François Baert (25 August 1651 – 27 October 1719) was a Jesuit hagiographer, one of the Bollandists, from the Spanish Netherlands.

Born in Ypres on 25 August 1651, Baert entered the Society of Jesus at the novitiate of Mechlin, 28 September 1667. After completing his early formation he was teacher in several high schools of the Belgian province, studied philosophy and theology, and was finally ordained priest in 1680. The following year, 1681, he was made assistant to Daniel Papebroch, the last survivor of the first generation of Bollandists.

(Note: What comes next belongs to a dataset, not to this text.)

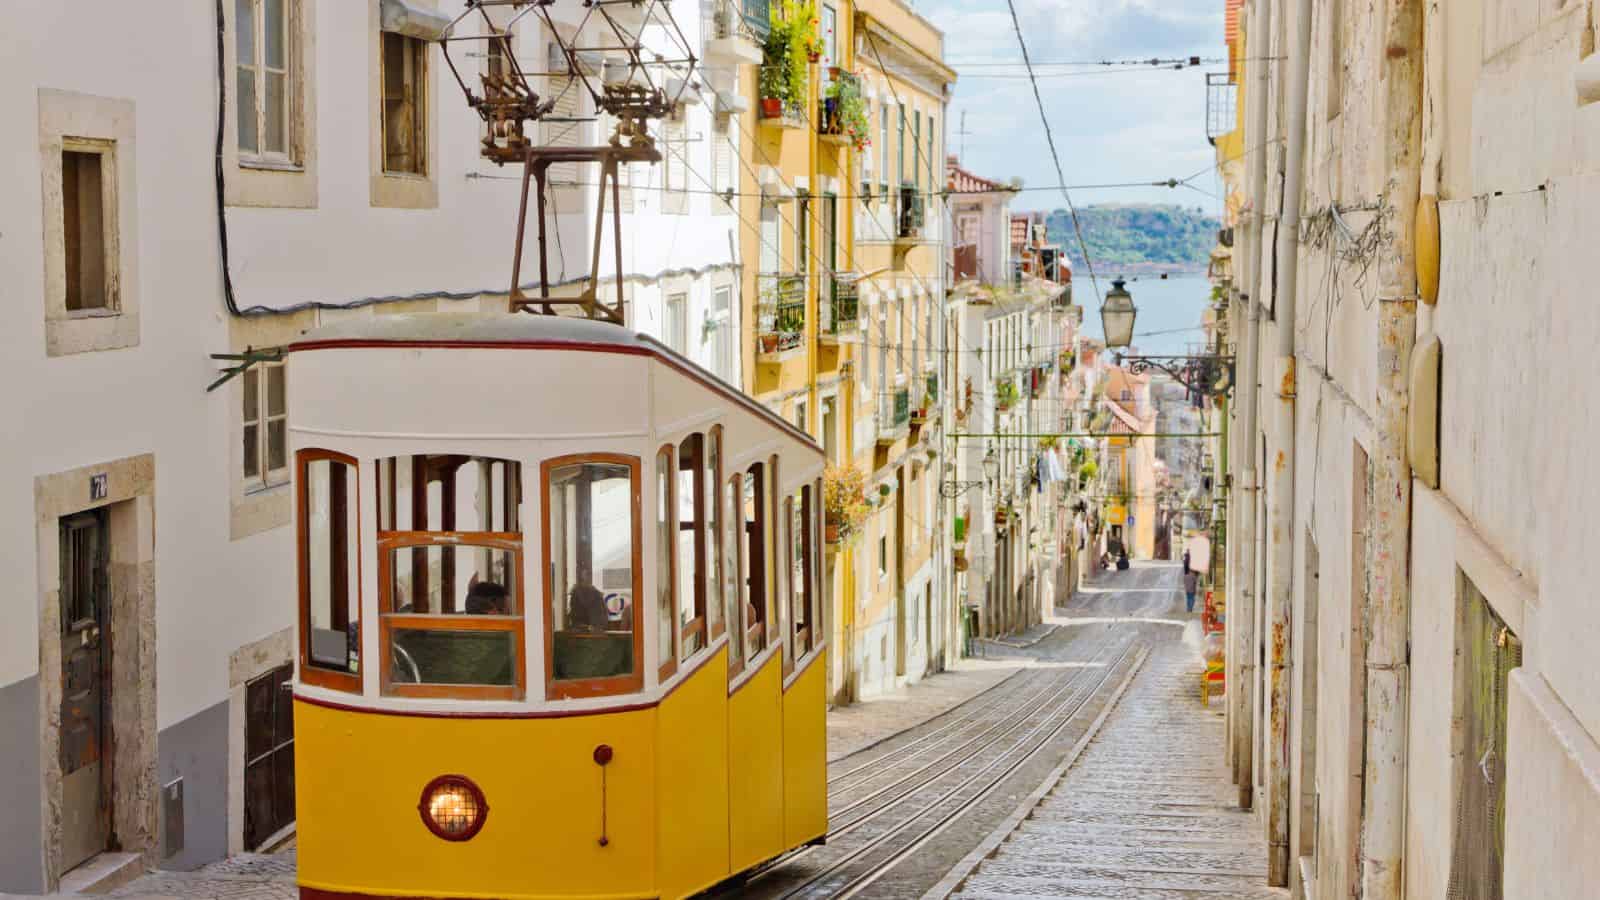 Trolley in Lisbon Portugal

The name of Baertius is on the title pages of nine of the volumes of the Acta Sanctorum; the last four of May, and of the first five of June; but to judge from the articles published in these volumes his collaboration is by no means so large as these figures would indicate. There are no articles bearing his signature either in the volumes for May nor in the fifth volume for June. The other four volumes for June contain some fifteen articles by him, all very short excepting the commentaries on Columba and Basil the Great, of the date of 9 June. On an appendix to the st. Basil entry he pointed out the various inconsistencies in the Pseudo-Ampholochian apocryphal vita.

In 1688, in company with Conrad Janninck, he made a trip to Austria and Hungary in search of hagiographical material; the journey lasted eight months and the two returned with a large number of documents.

Baert died in Antwerp on 27 October 1719.